Dr. Neal Benowitz, co-author of the study, told The Daily Caller News Foundation that, despite participants being told to only smoke the e-cigs for the two week study, some still smoked regular cigarettes. Meaning, the decreased exposure to carcinogens and toxins could actually be even lower than what the study found — e-cigs could be even safer.

Benowitz also said, of the five year delay from the study being done to its publication, is simply a matter of “academics being very busy.”

“Our findings suggest that e-cigarette use may effectively reduce exposure to toxic and carcinogenic substances among smokers who completely switch to these products,” Benowitz told Roswell Park.

The e-cig used in the study was the M201, and Annie Deck-Miller, Senior Media Relations Manager for Roswell Park Cancer Institute, told TheDCNF it was a 1.5 milligram concentration. 

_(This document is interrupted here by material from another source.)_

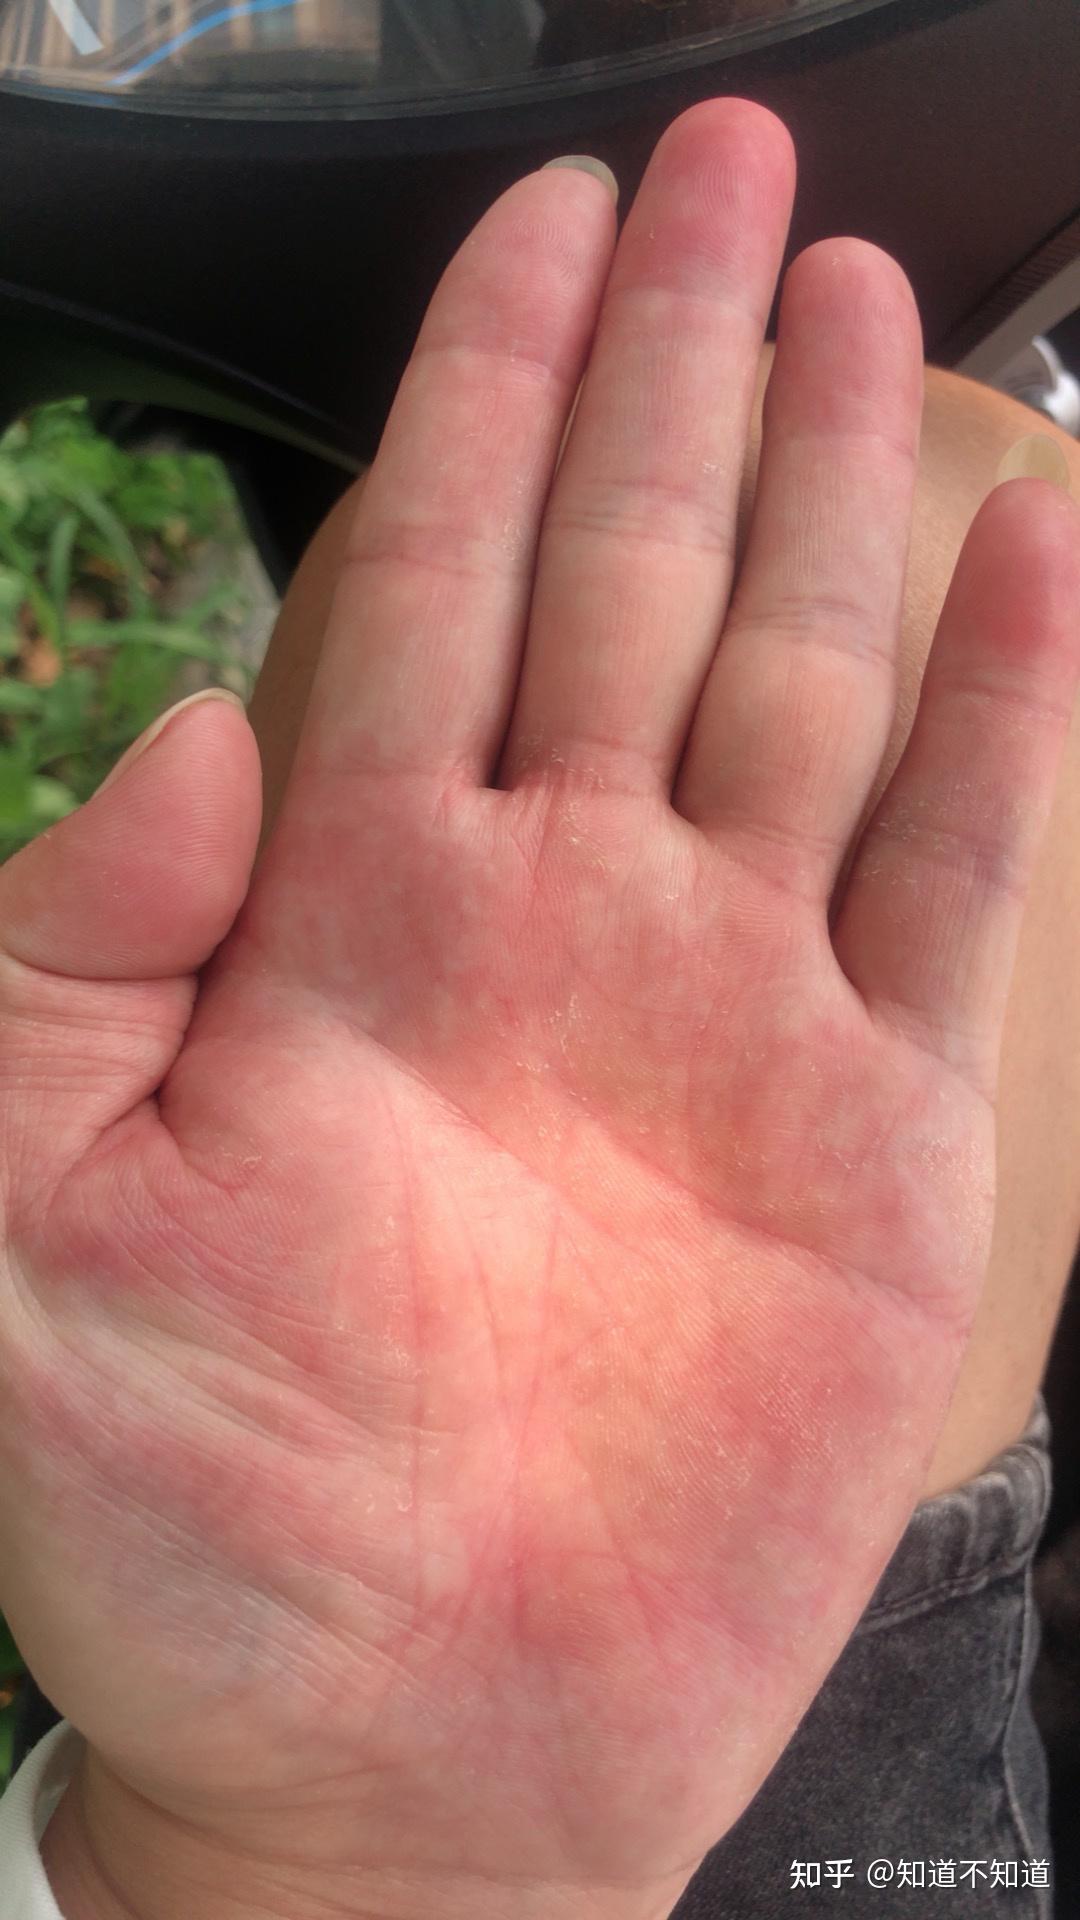 SKIN DISEASE TYPES: Vesicular Hand Dermatitis (Skin Disease type)

The Roswell Park findings run counter to what lead author of a University of California, San Diego (UCSD) study, Jessica Wang-Rodriguez, told The Daily Mail in December. Wang-Rodriguez said “I believe they are no better than smoking regular cigarettes.” That study was published in the journal Oral Oncology.

The DCNF reported in December that not only were the cells used in the UCSD study “not completely comparable to cells within a living person,” but the dosage was comparable to someone smoking “for hours on end,” so it wasn’t representative of real world e-cig use. Further, the cell cultures already had “squamous cell carcinoma,” meaning the cells already had cancer.

“All this study is highlighting is the fact that exposing already cancerous cells to cigarette smoke, nicotine or vapor may accelerate cell death, but of course, only if you swim in it,” Paul Barnes of Facts Do Matter told TheDCNF in December.

“This is the study that researchers, public health advocates and regulators were waiting for,” Goniewicz said in a video attached to Roswell Park Cancer Institute’s release. “This may be a life-saving device.”